極上ドクターは再会したママとベビーを深い愛で包み込む

 会話をしているうちに、車は今朝見たマンションの地下へと入っていった。
 ……え? マンション?
 少し戸惑ったけれど、どこかの店にふたりで入って他の職員に見られて、変な噂が立つのはまずい。篠宮先生はただでさえその容姿とスリムな長身で目立つのだ。自宅で話すのが一番安全だろうと思い改めた。

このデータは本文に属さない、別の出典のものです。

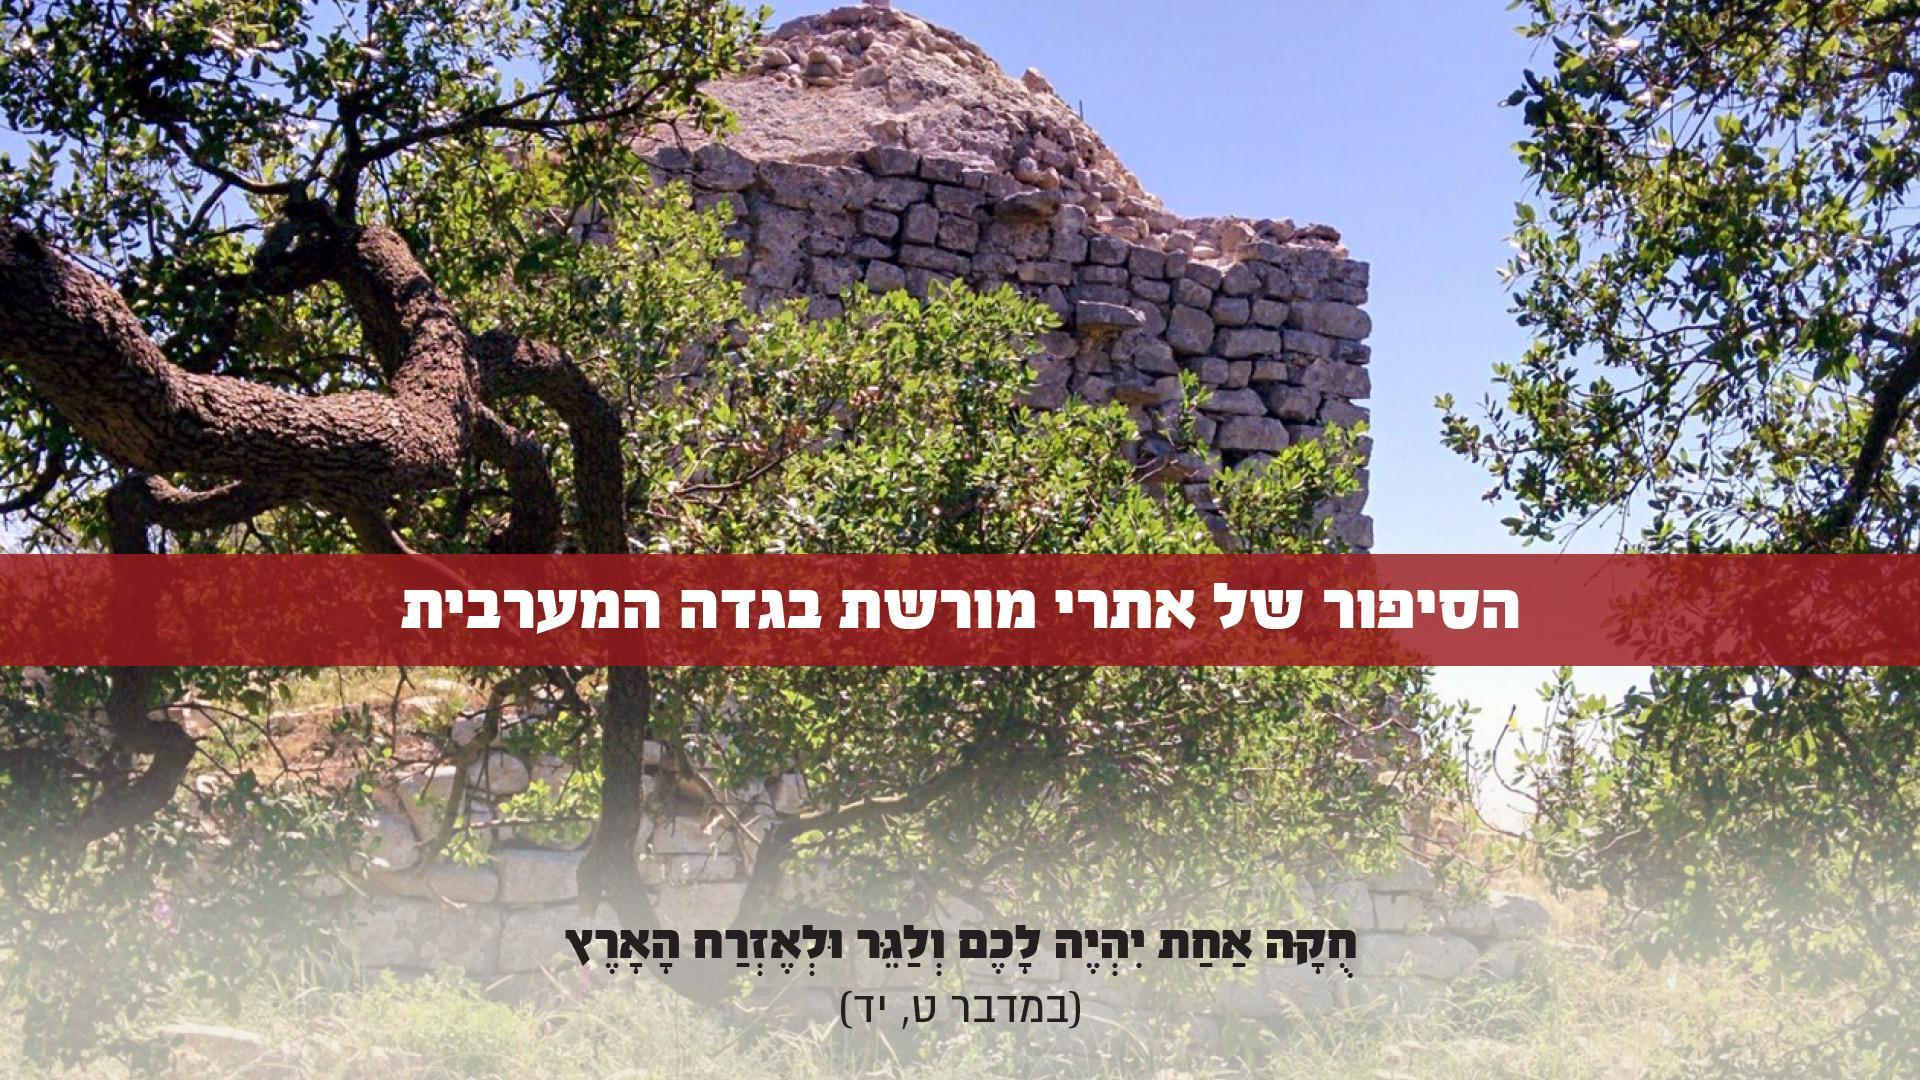 הסיפור של המקאמים בגדה המערבית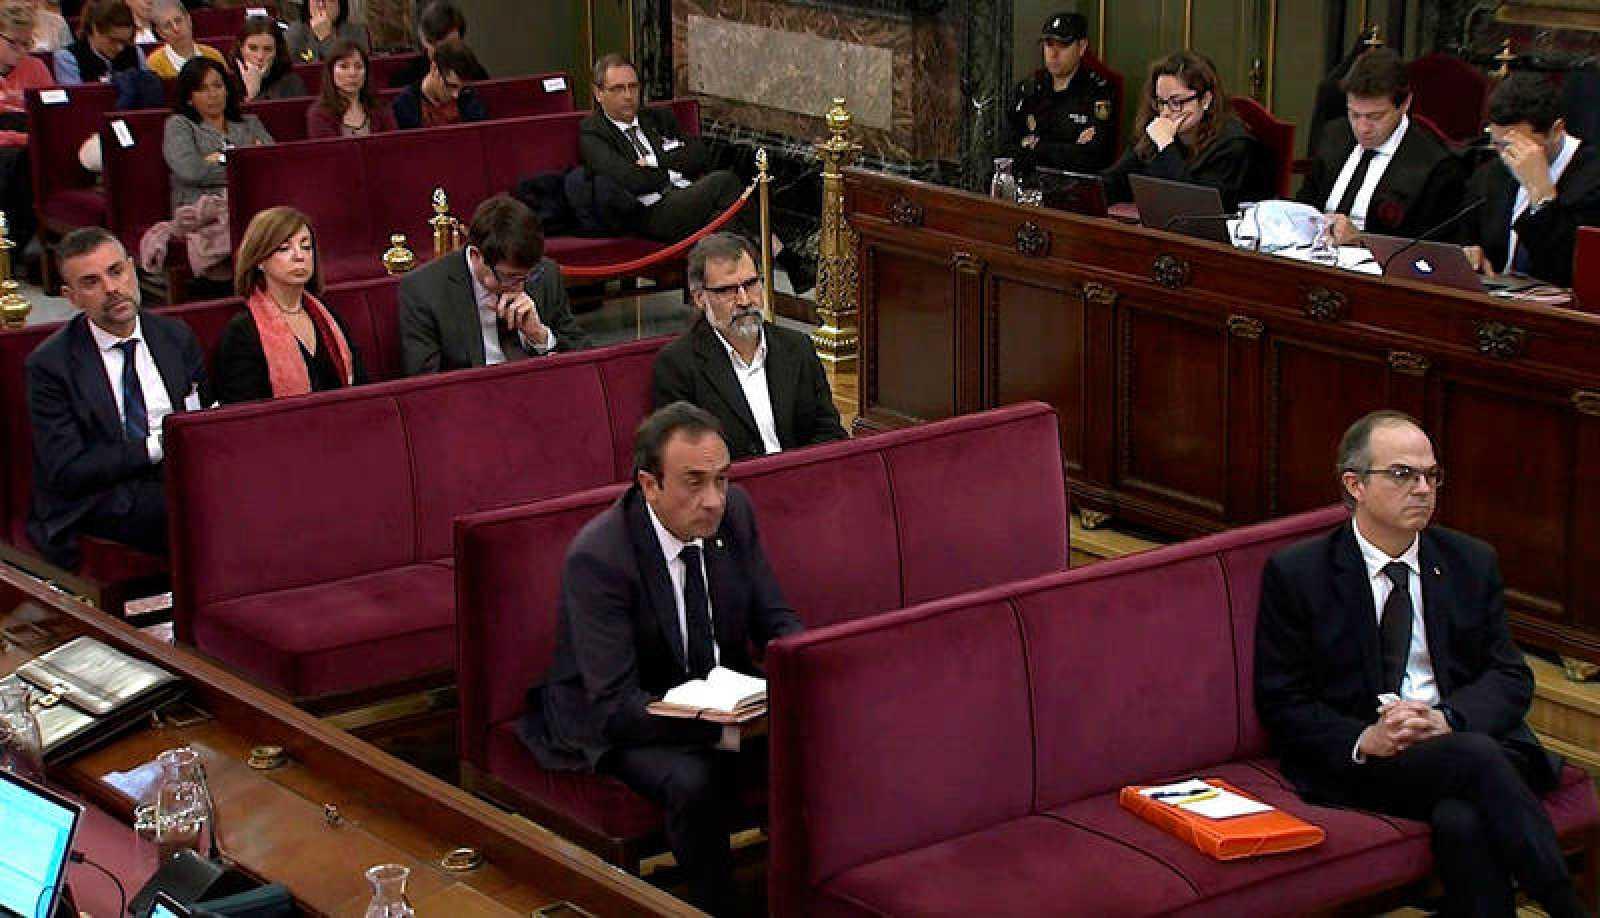 El exconseller de Presidencia, JordiTurull, el exconseller de Territorio Josep Rull y el expresidente de la Asamblea Nacional Catalana (ANC), Jordi Sànchez, durante la sesión del juicio del 'procés'en el Tribunal Supremo de Madrid.

 部屋に入ると、先生はジャケットを脱いでソファに座るよう促した。私は「失礼します」とおずおずと座る。先生はL字のソファの角を挟んで腰掛け、背もたれに寄りかかった。
「それで、話というのは?まあ検討はつくが」
「検討がつく?」
「いわゆる一夜の過ちがあったかどうかだろう?そんなものはない。君は熟睡していたし、俺のほうは素面だったからな」
「あ、いえっそうじゃなくてっ」
 つい強い口調になり、先生は少なからず驚いた様子で黙った。
 心臓が早鐘を打っているのを感じる。けれど、聞かないわけにはいかない。鍵を返すだけだったらあの場で済んだものを、わざわざ部屋にまで入れてもらっているんだから。
 ごくりと唾をのんで、思い切って尋ねる。
「……身体、見ましたか?」
 先生は不思議そうに首を傾げた。
「過ちはないと言っただろう」
「あの、それはわかるんですが……」
「シャツの首元が苦しそうだったから、上のボタンをいくつかはずした。そのとき多少下着は見えたが」
 これはホッとしていいものなのか否か。直に肌が見られたわけではないとしても、下着だってよく見れば気づかれてしまうはず……。